- [COLLECTED DATA]:
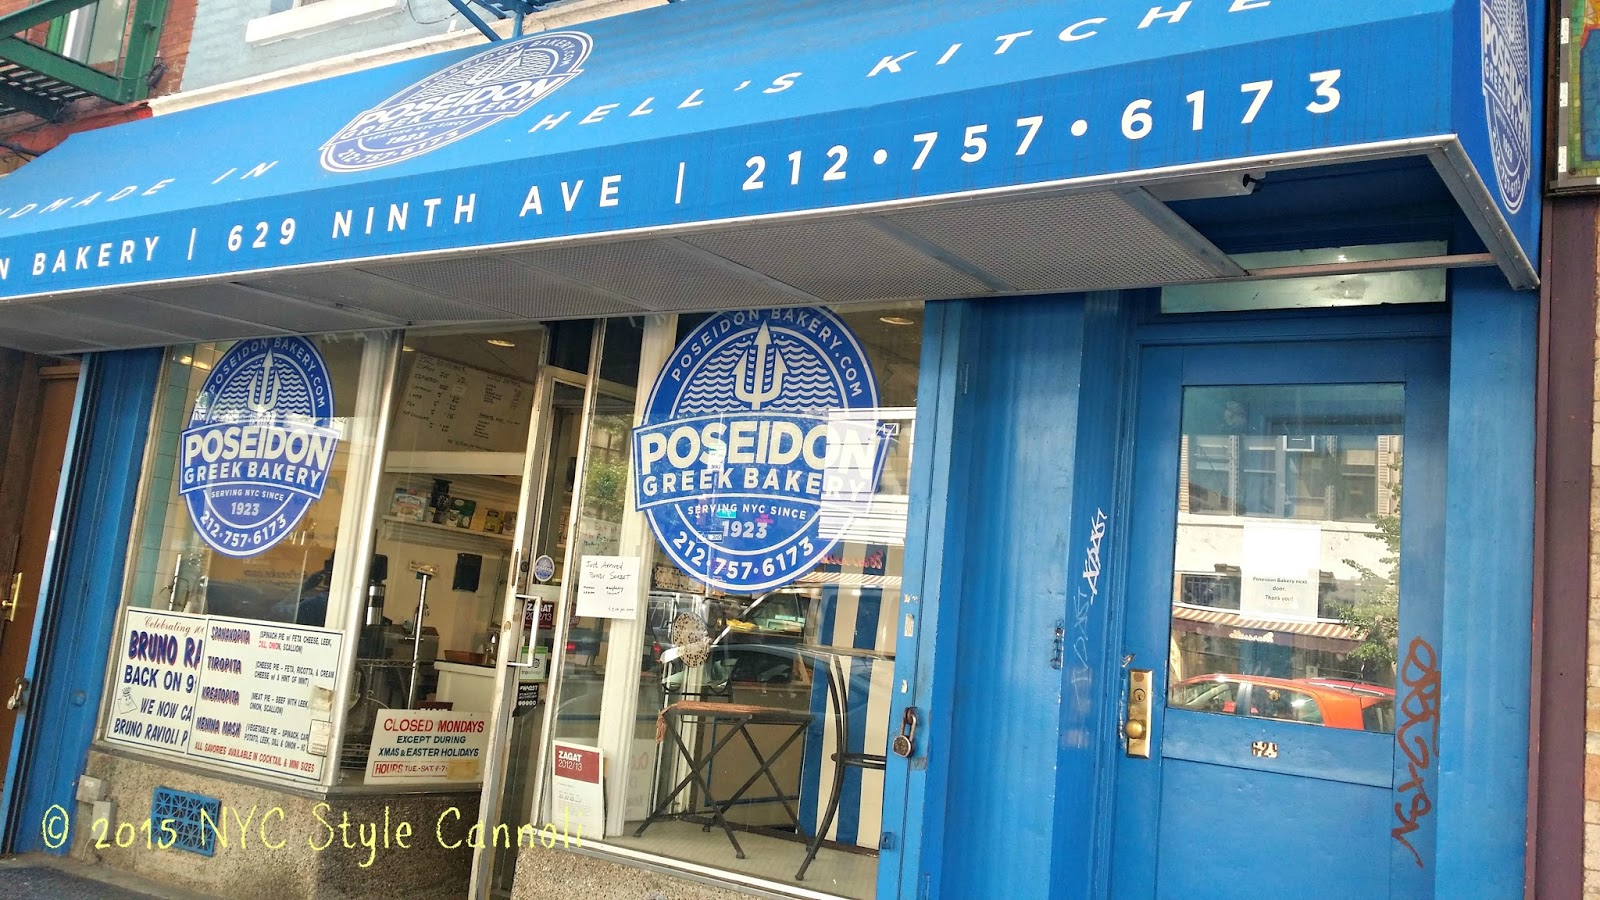 Poseidon Greek Bakery | NYC, Style & a little Cannoli
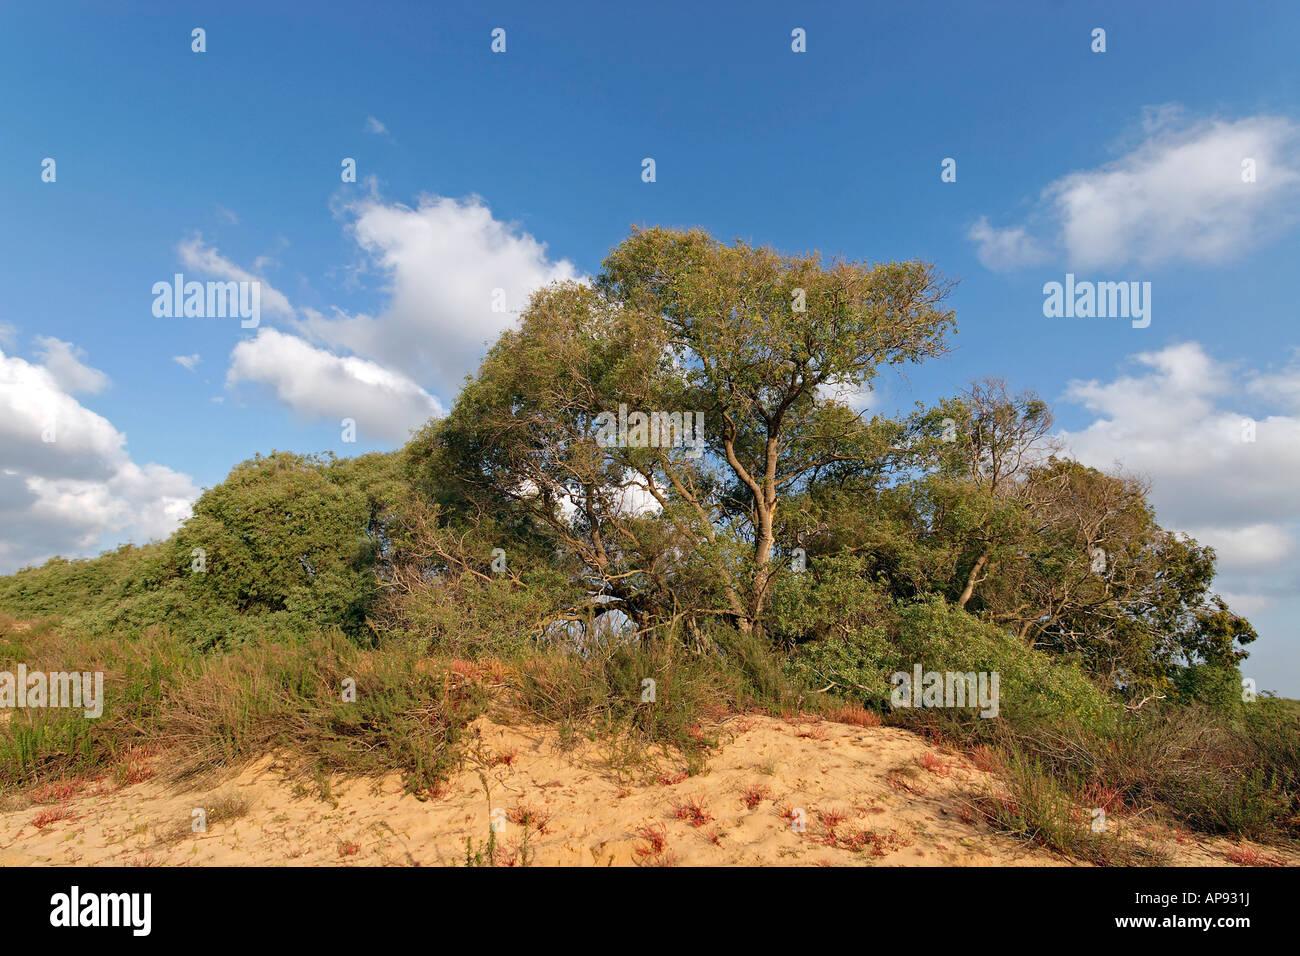 Israel Coastal Plain Euphrates Poplar trees Populus Euphratica in Nitzanim - Stock Image
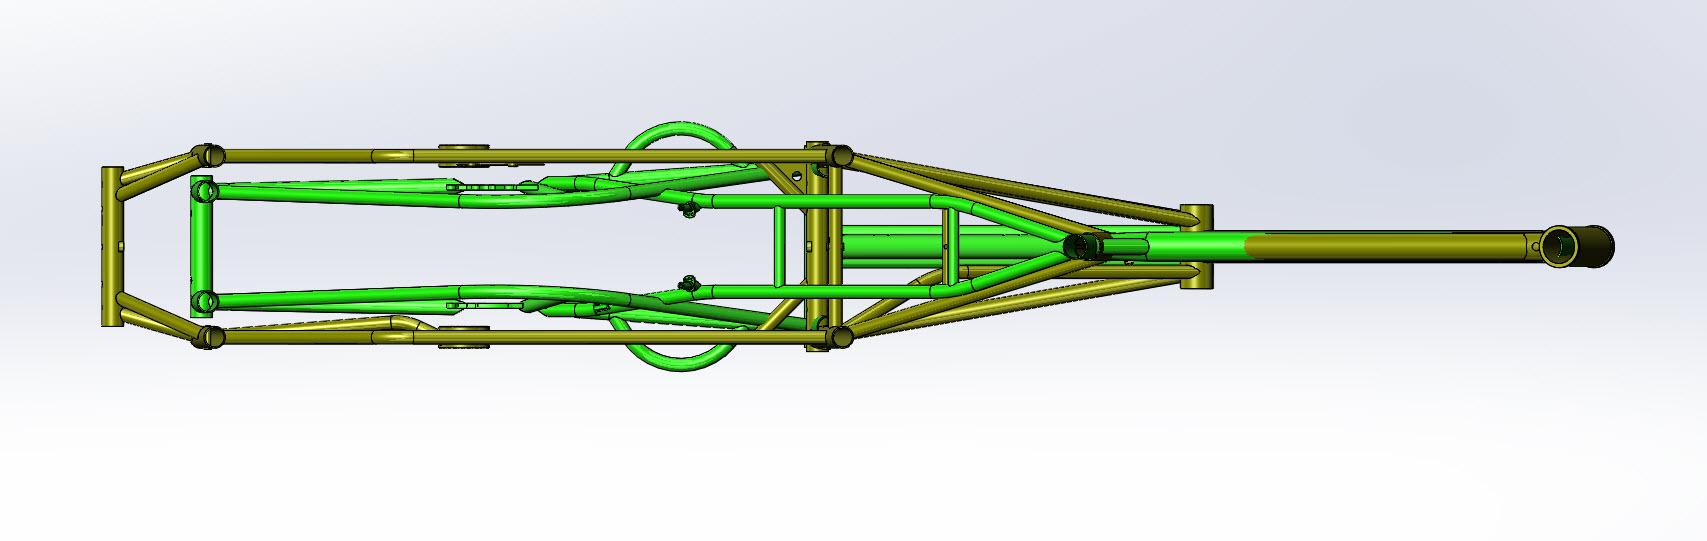 CAD illustration of a Surly Bike Fat Dummy bike frame and Kawi bike frame - overlays - overhead view
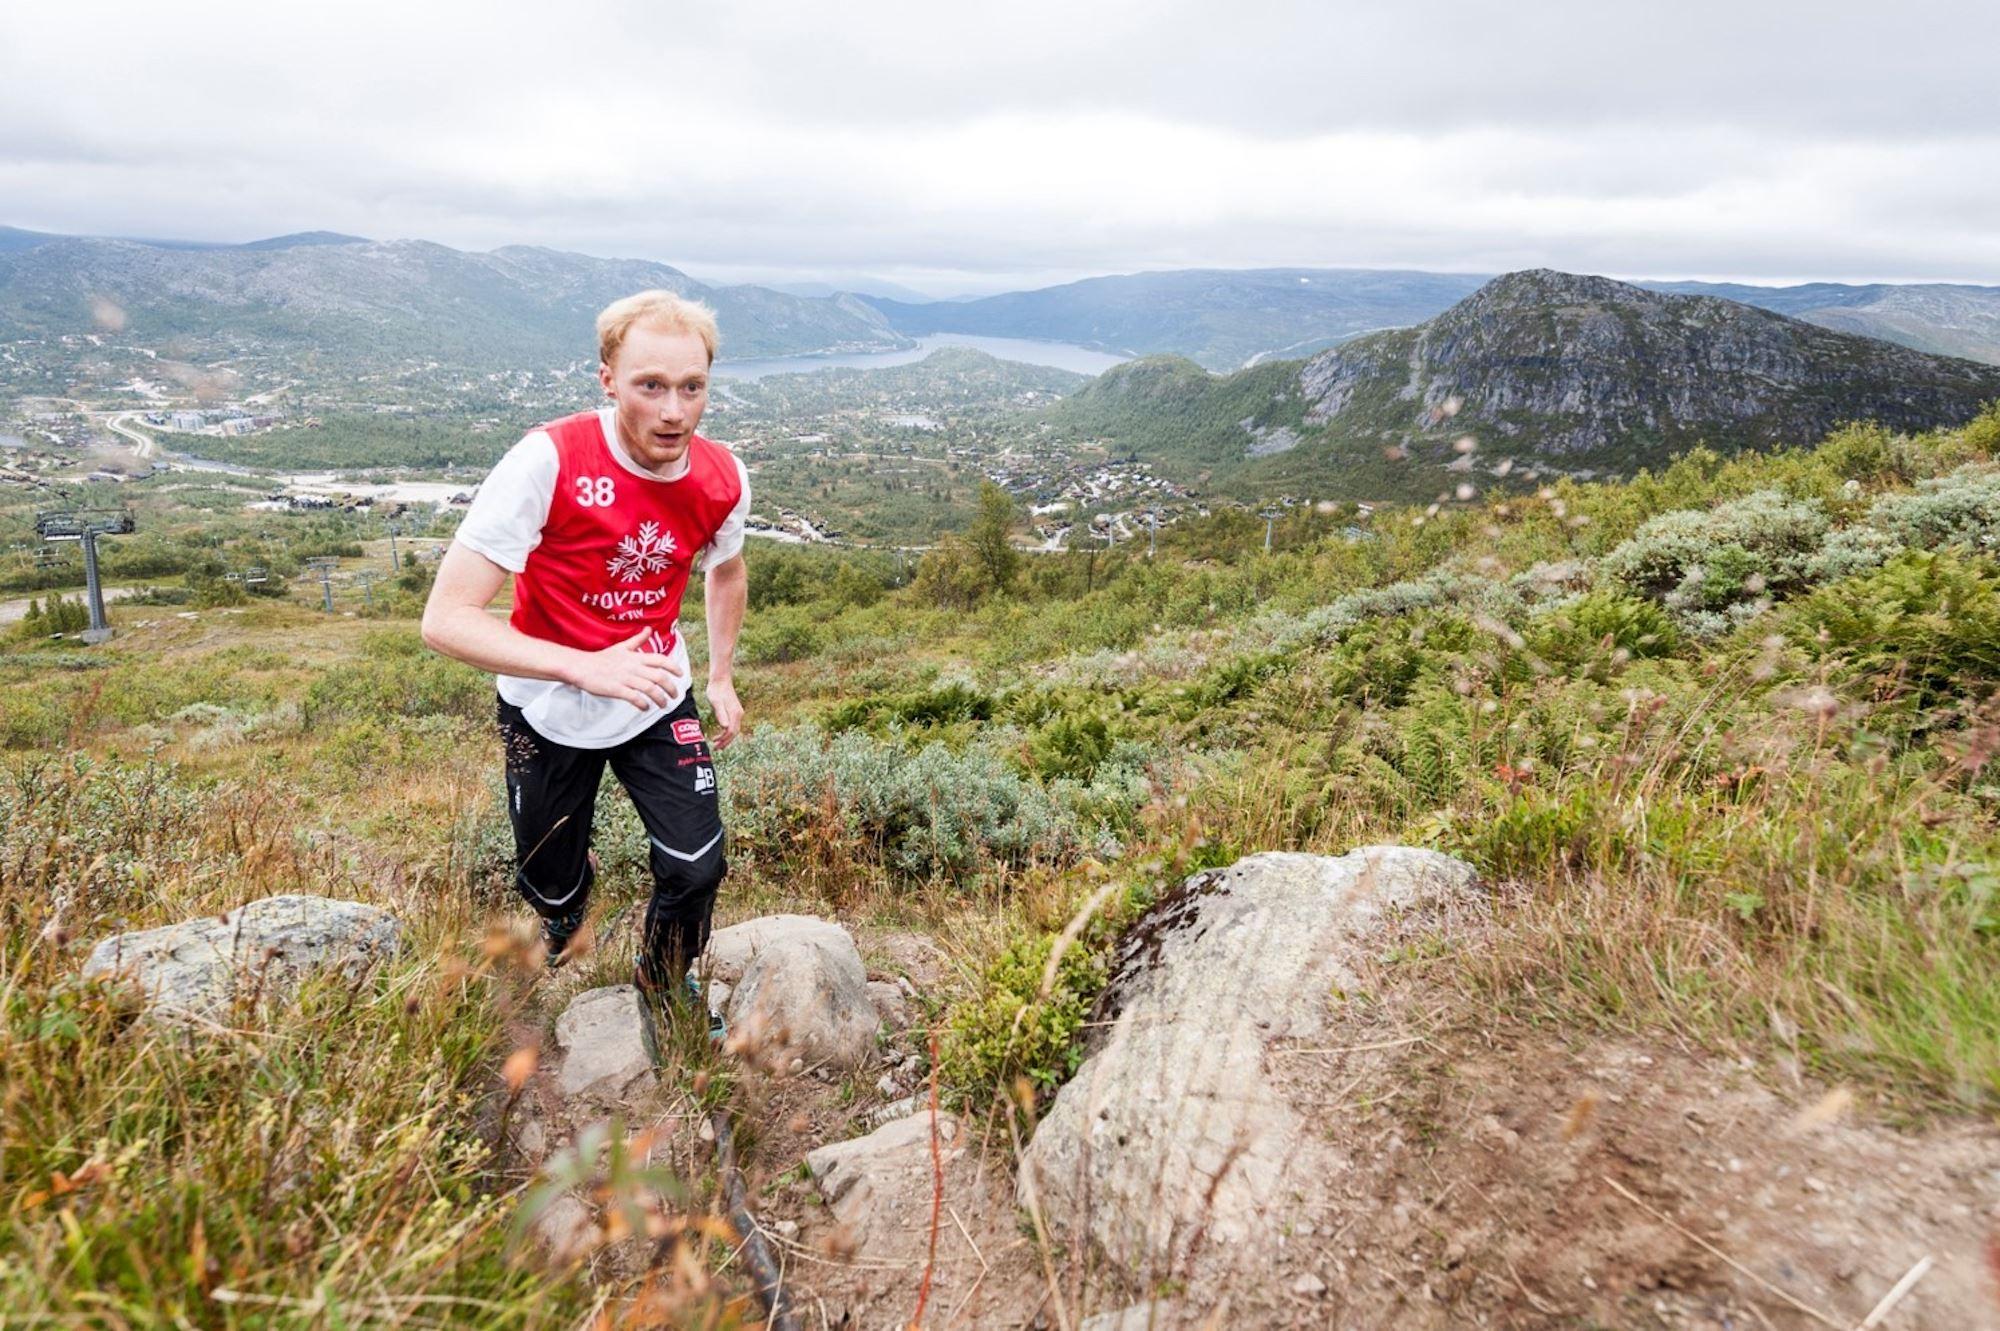 Ti topps 2017 - Bakkeløp

- [EXERCISE OBJECTIVE]: Return exactly the lines starting at the line with "CAD illustration of" and ending at the last line of the listing, both ends included; pictures are to be left out.

- [RESULT OF THE TASK]:
 CAD illustration of a Surly Bike Fat Dummy bike frame and Kawi bike frame - overlays - overhead view
 Ti topps 2017 - Bakkeløp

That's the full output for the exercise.